First appeared in print in The Rhinoceros Times, Greensboro, NC.


The Mentalist, Popcorn, Avocado Oil Chips

I wondered what Smallville would be like without Michael Rosenbaum as Lex Luthor.

If the season opener is any sign, the answer is: sloppily written and way less intense.

I think where it's slipping for me is that I'm not a fan of other DC Comics characters, so I find it tedious when Aquaman and others who have never really been made into characters in the show itself keep taking screen time away from the characters I do care about.

But there's enough Clark Kent (Tom Welling) and Chloe Sullivan (Allison Mack) to make up for the time wasted on the Justice League, and Oliver Queen/Green Arrow (Justin Hartley) is a decent enough character.

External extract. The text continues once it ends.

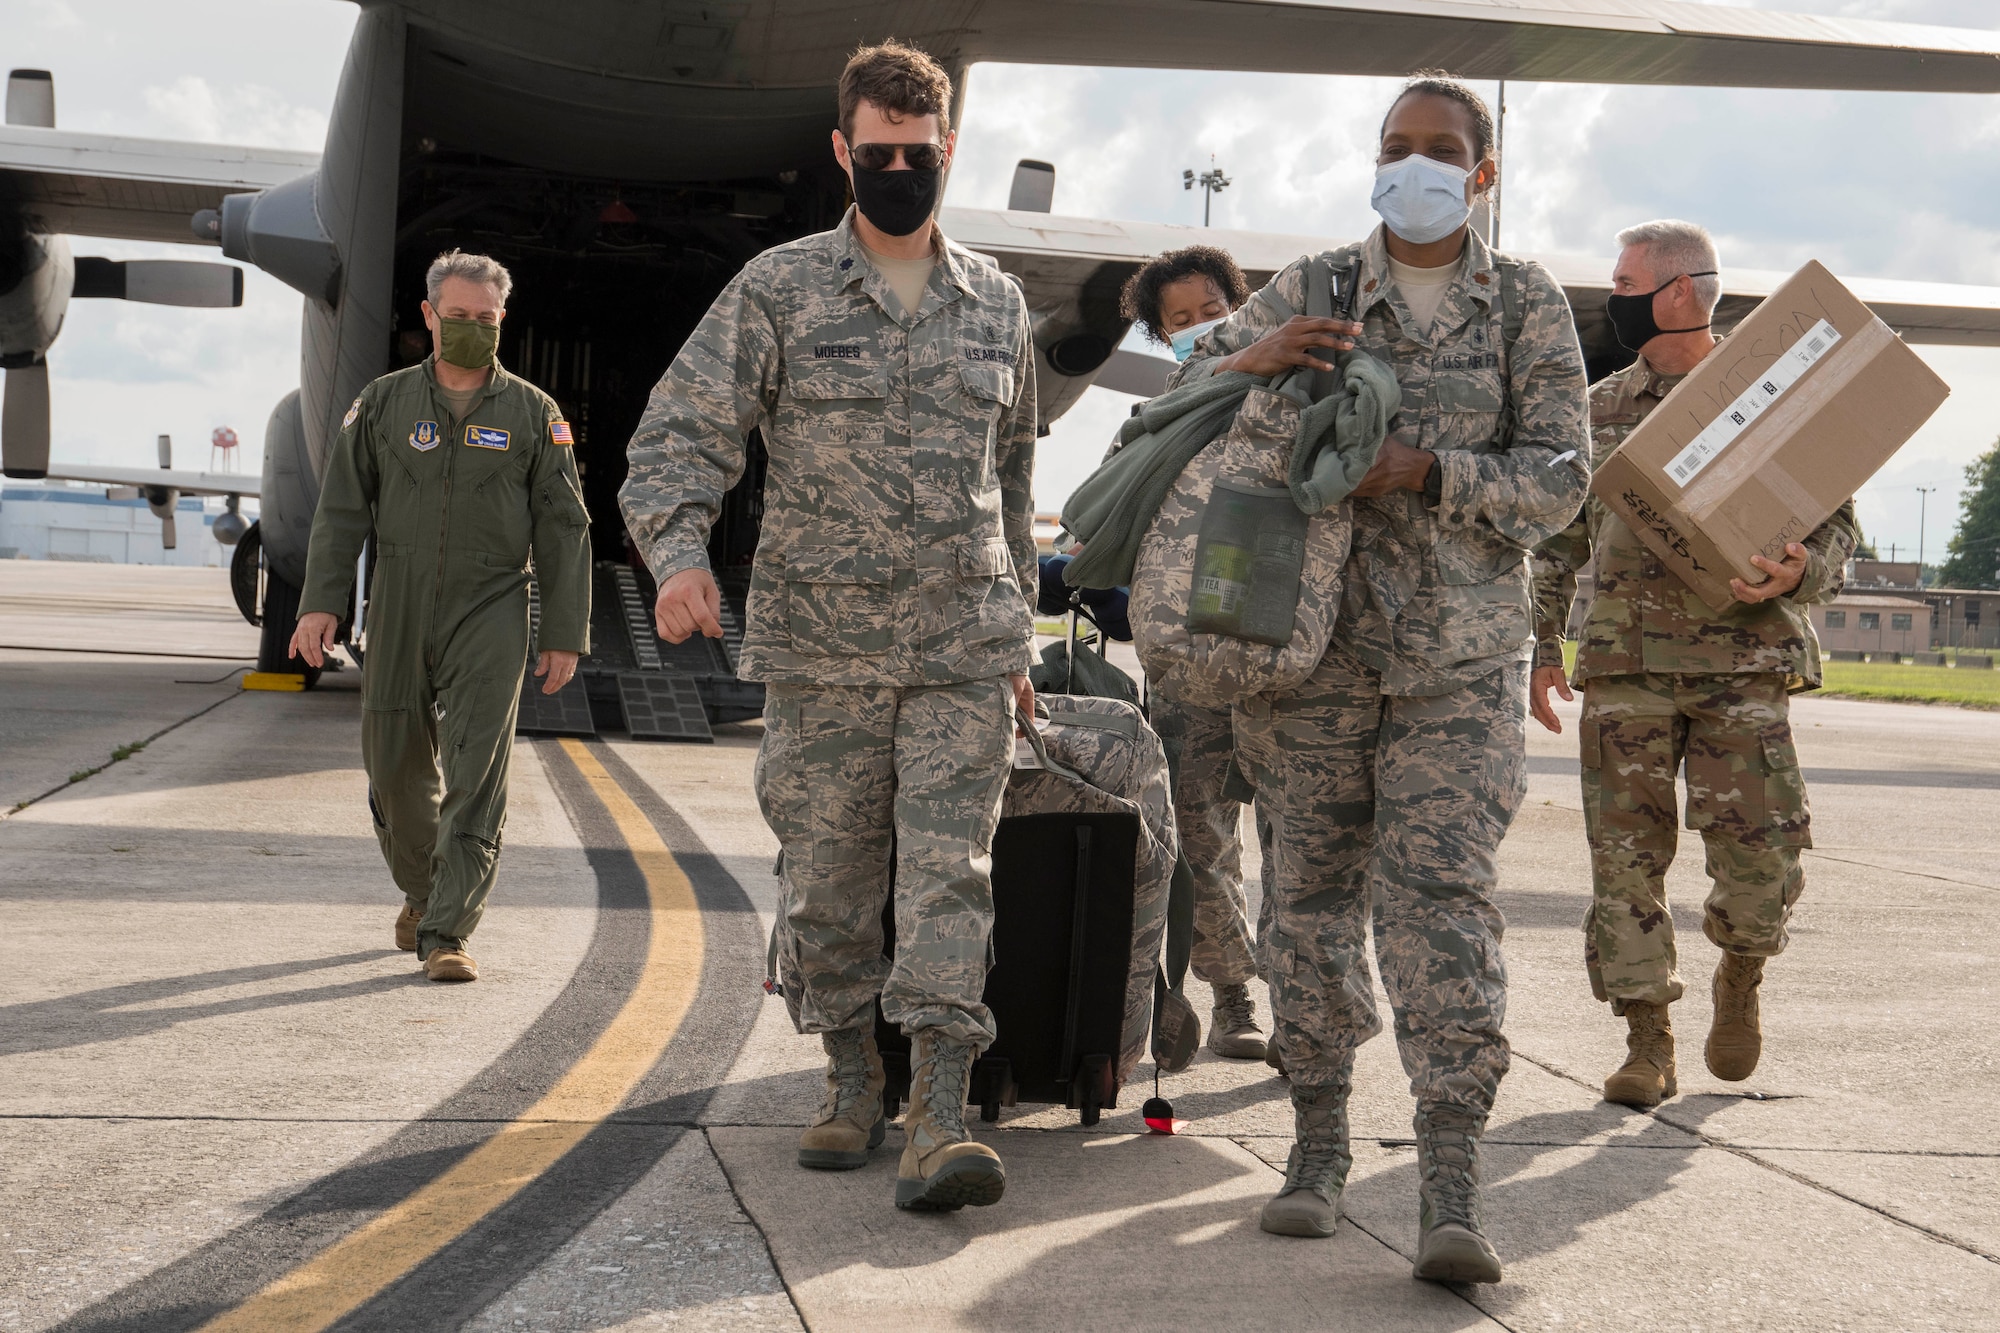 Nurses from the 94th Aeromedical Staging Squadron and members of the greeting party, including Col. Craig McPike, 94th Airlift Wing commander, left, depart a C-130H3 Hercules on the flightline at Dobbins Air Reserve Base, Ga. May 28, 2020. Four nurses from Dobbins mobilized to the COVID-19 frontlines in New York City as part of the whole-of-government response to the pandemic. (U.S. Air Force photo/Andrew Park)

Still, you don't realize how much the intensity of Rosenbaum's performance drove this show until it's gone. I'm not giving up on it, though.

The new show of this season that my wife and I are actually enjoying and looking forward to watching regularly is The Mentalist.

By its premise, this is the opposite of another favorite of ours, Medium. Where Patricia Arquette's series is about a real medium, The Mentalist's main character is a guy who used to be a professional mind-reader and psychic, but gave it up and came clean: All psychics, he says in the pilot episode, are either fakes or deluded.

Well, that's my personal belief as well. When we watch Medium, we're watching it as a fantasy story -- here is how it might be if psychics were actually real. The fact that it's based on a "real" psychic does not impress me at all. The show is great because of excellent writing and first-rate acting.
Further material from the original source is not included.